--- Supplied material Enclosed Below ---

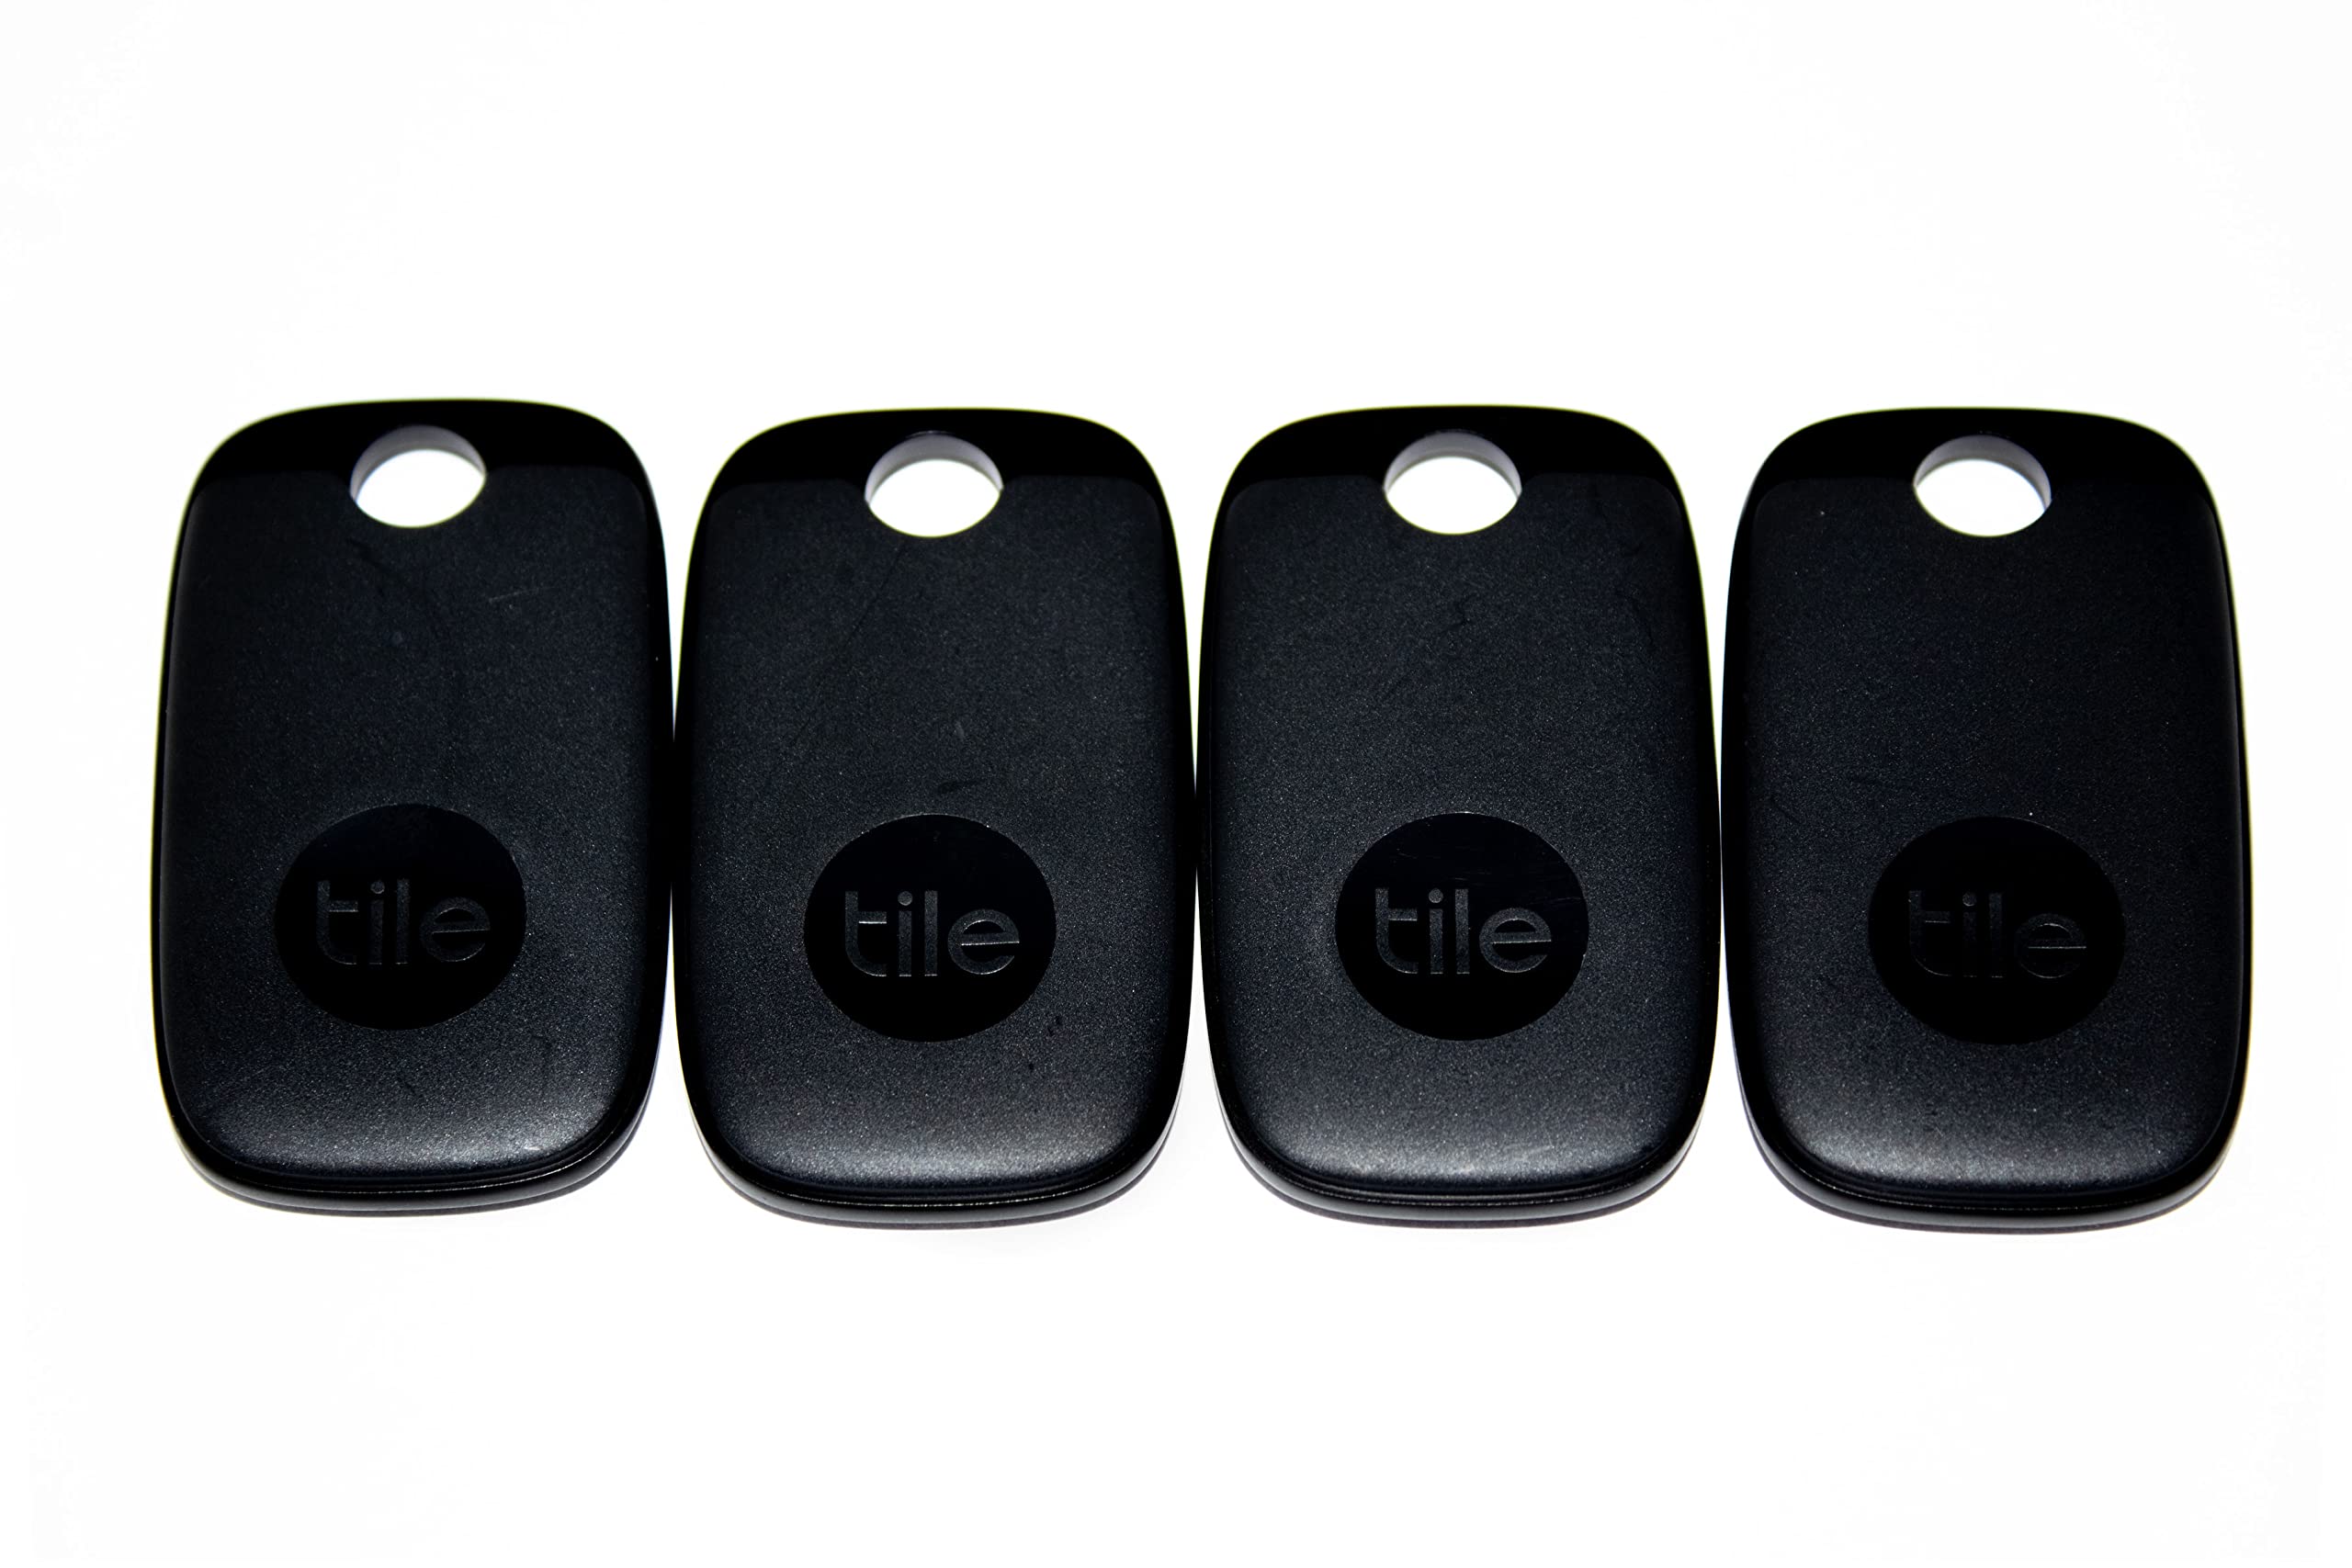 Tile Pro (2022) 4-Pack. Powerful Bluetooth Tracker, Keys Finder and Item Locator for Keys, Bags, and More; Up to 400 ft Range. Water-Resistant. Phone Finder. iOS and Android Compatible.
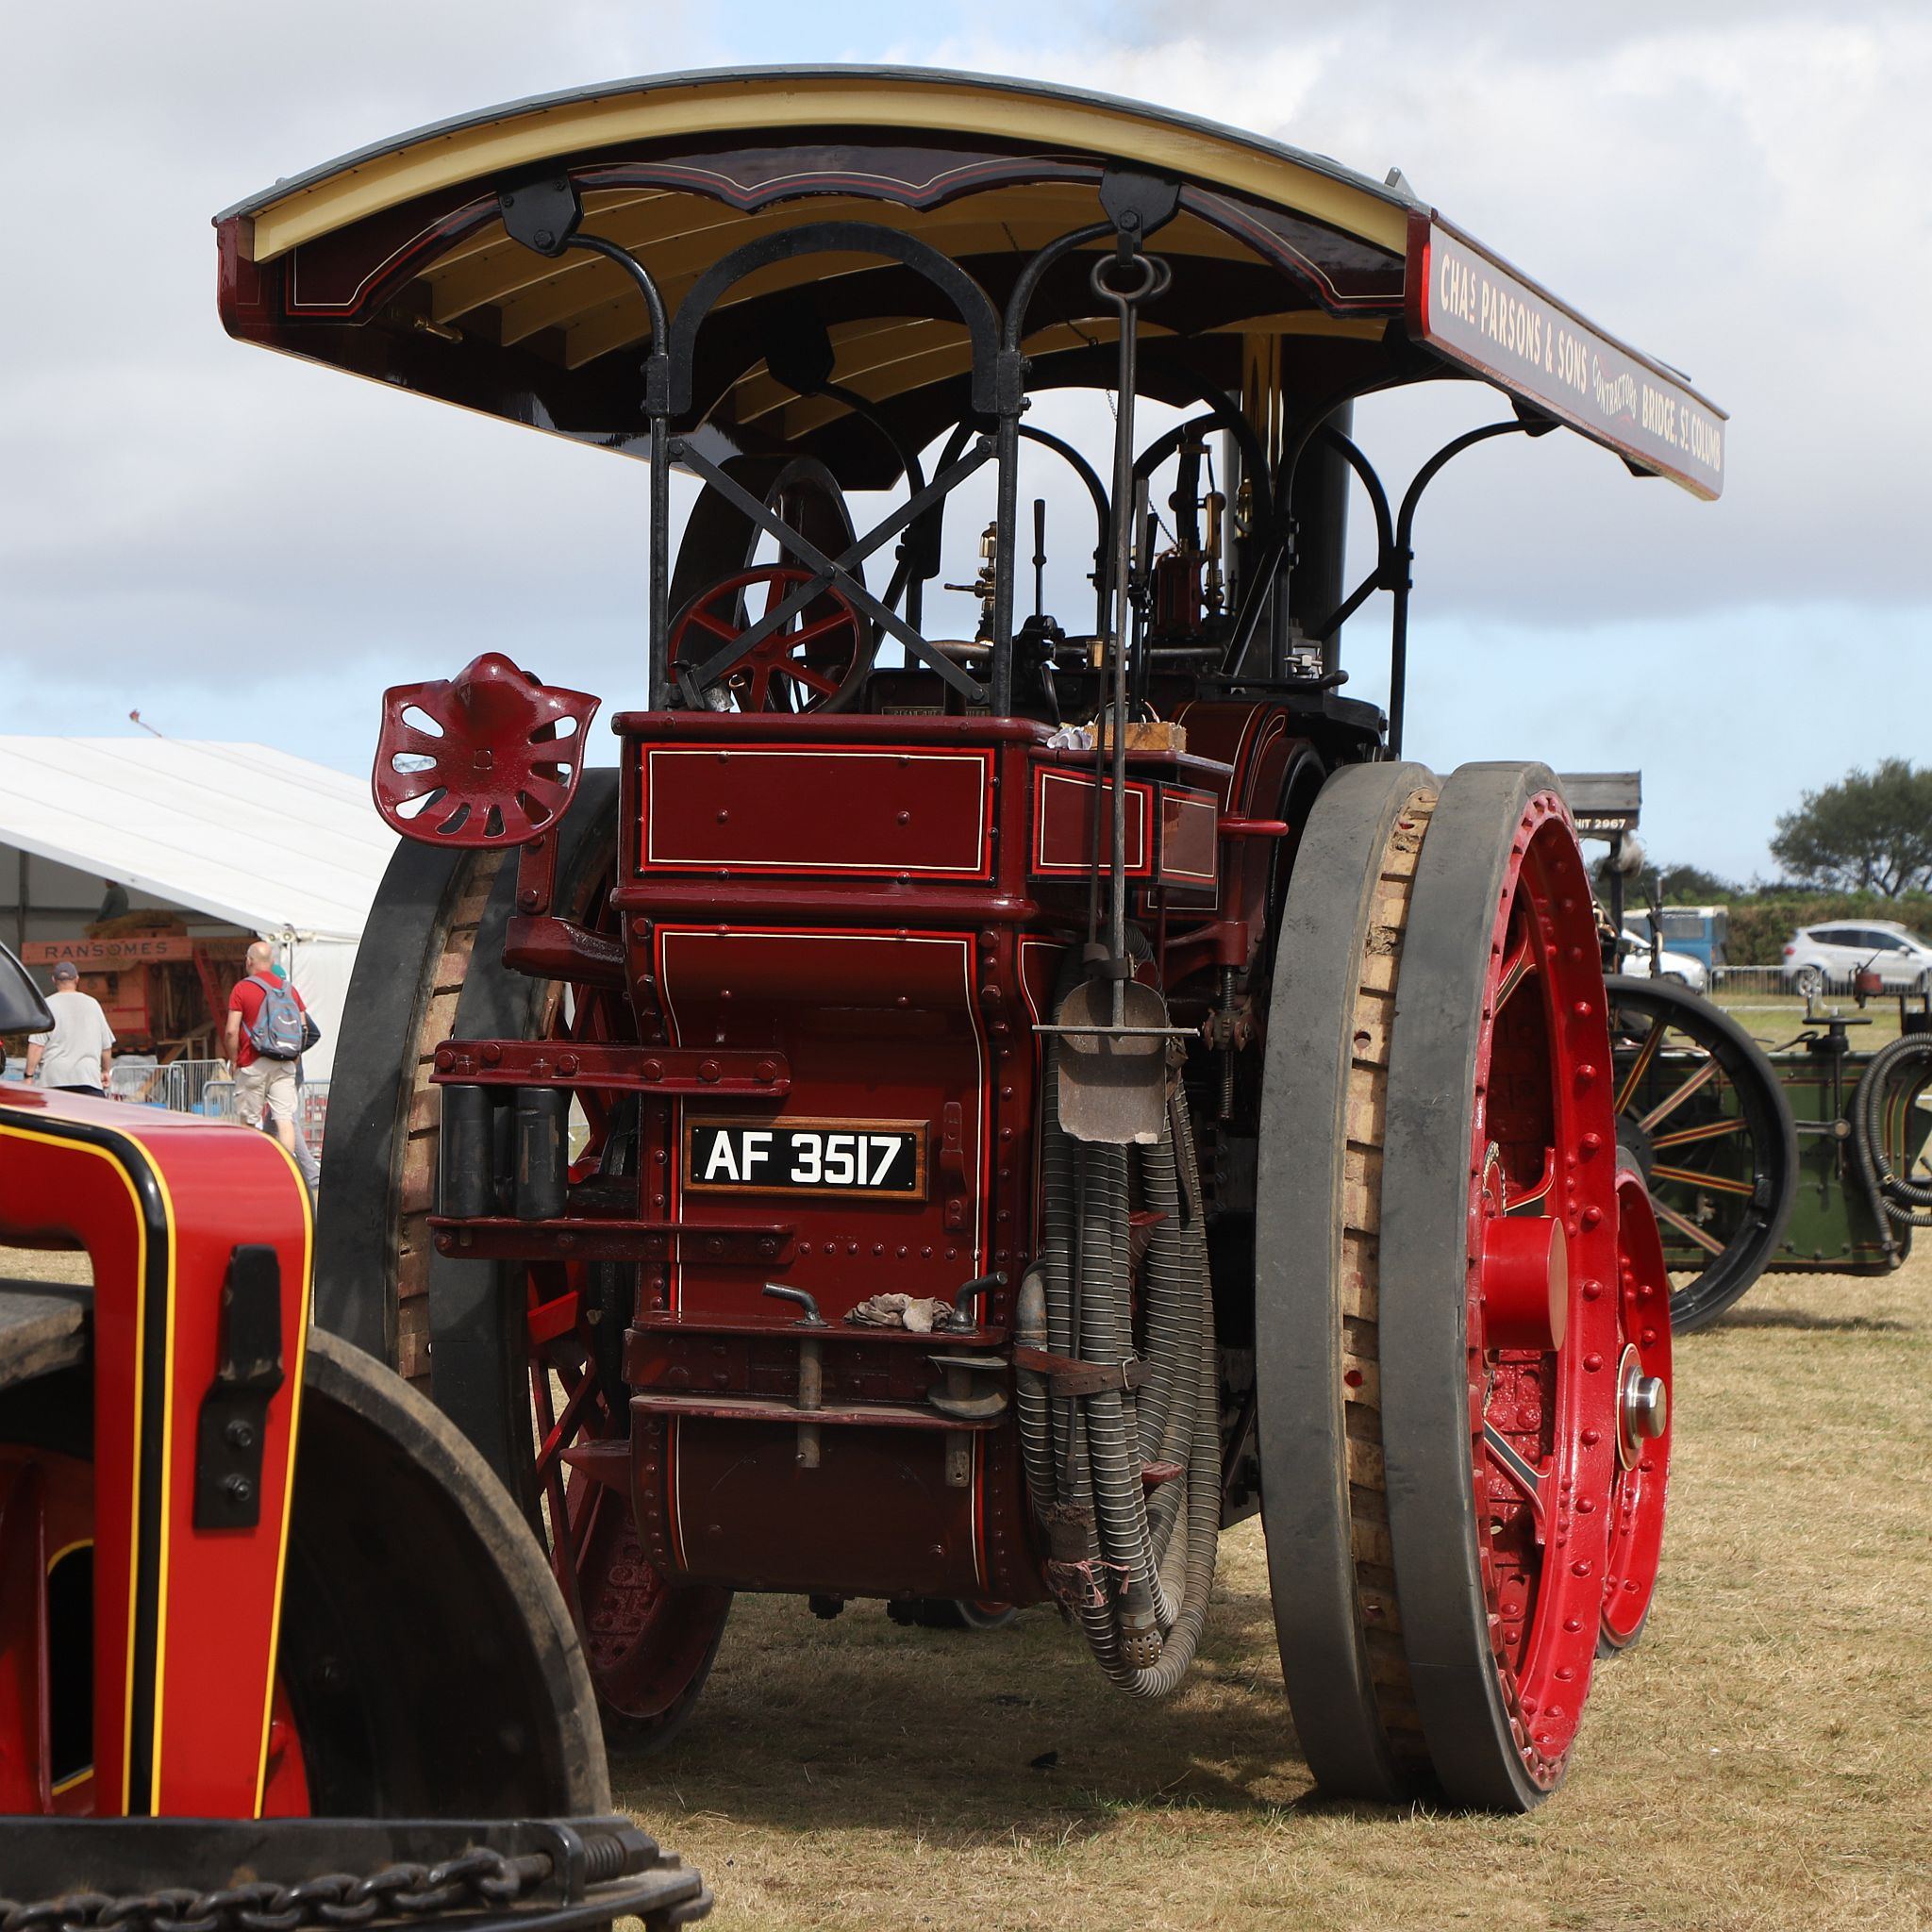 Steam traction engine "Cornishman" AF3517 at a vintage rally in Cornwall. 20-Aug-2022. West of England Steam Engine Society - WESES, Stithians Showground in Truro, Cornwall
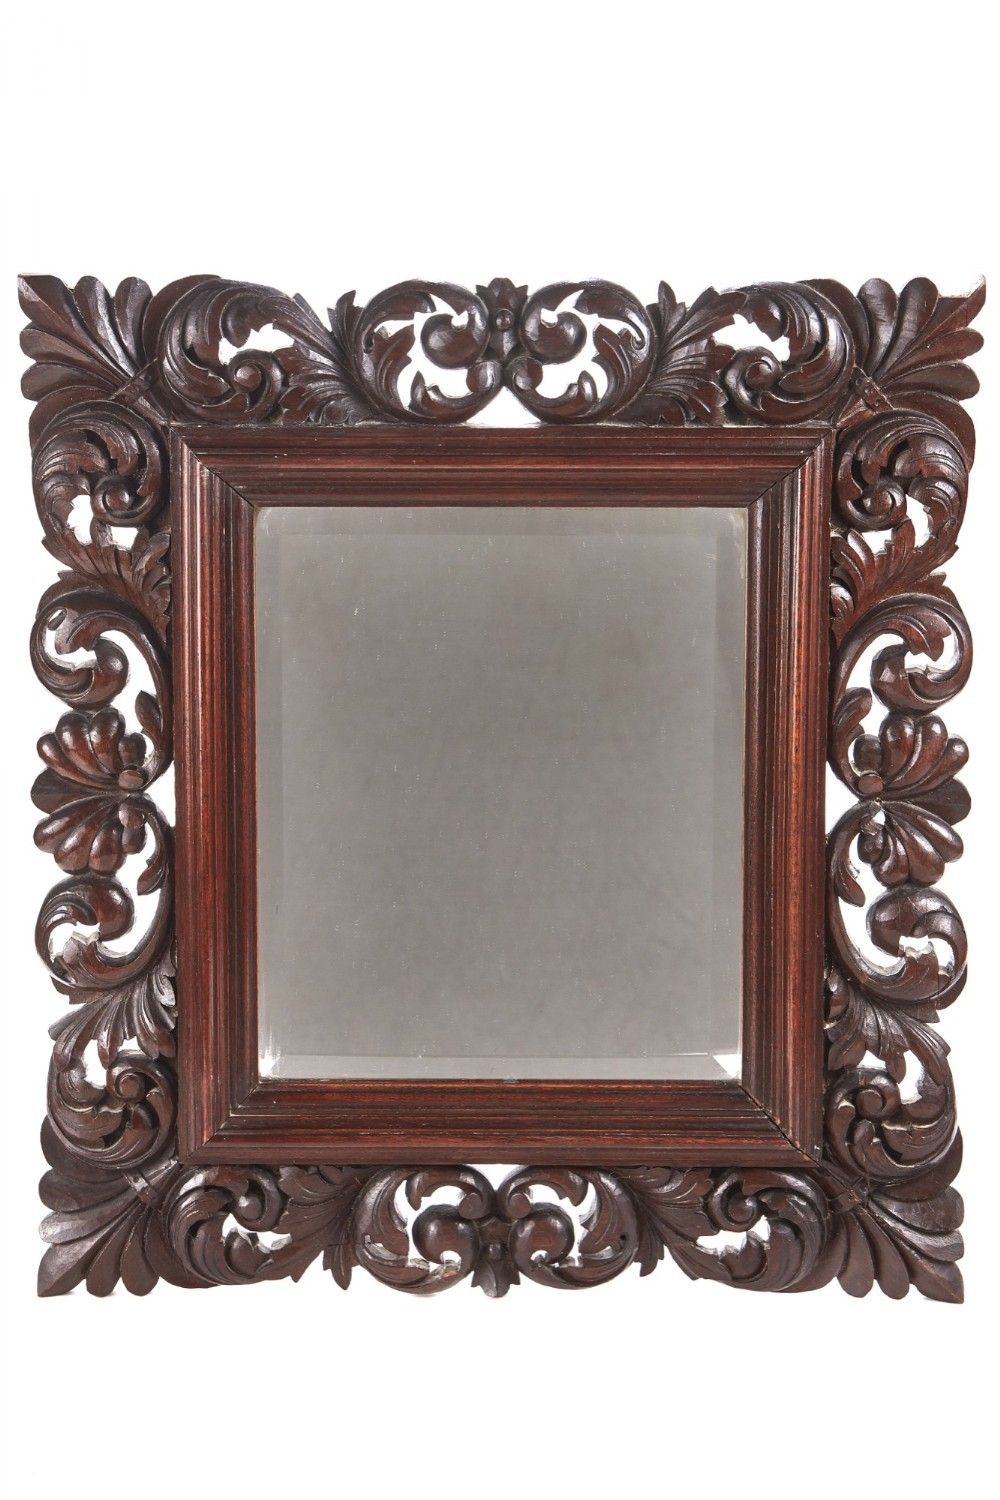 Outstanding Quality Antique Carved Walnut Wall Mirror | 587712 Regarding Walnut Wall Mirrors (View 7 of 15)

--- End of Enclosed Supplied material ---

__What you should do__. Transcribe each line of the material above verbatim, but do not include the images.

__Solution to the exercise__.
 Tile Pro (2022) 4-Pack. Powerful Bluetooth Tracker, Keys Finder and Item Locator for Keys, Bags, and More; Up to 400 ft Range. Water-Resistant. Phone Finder. iOS and Android Compatible.
 Steam traction engine "Cornishman" AF3517 at a vintage rally in Cornwall. 20-Aug-2022. West of England Steam Engine Society - WESES, Stithians Showground in Truro, Cornwall
 Outstanding Quality Antique Carved Walnut Wall Mirror | 587712 Regarding Walnut Wall Mirrors (View 7 of 15)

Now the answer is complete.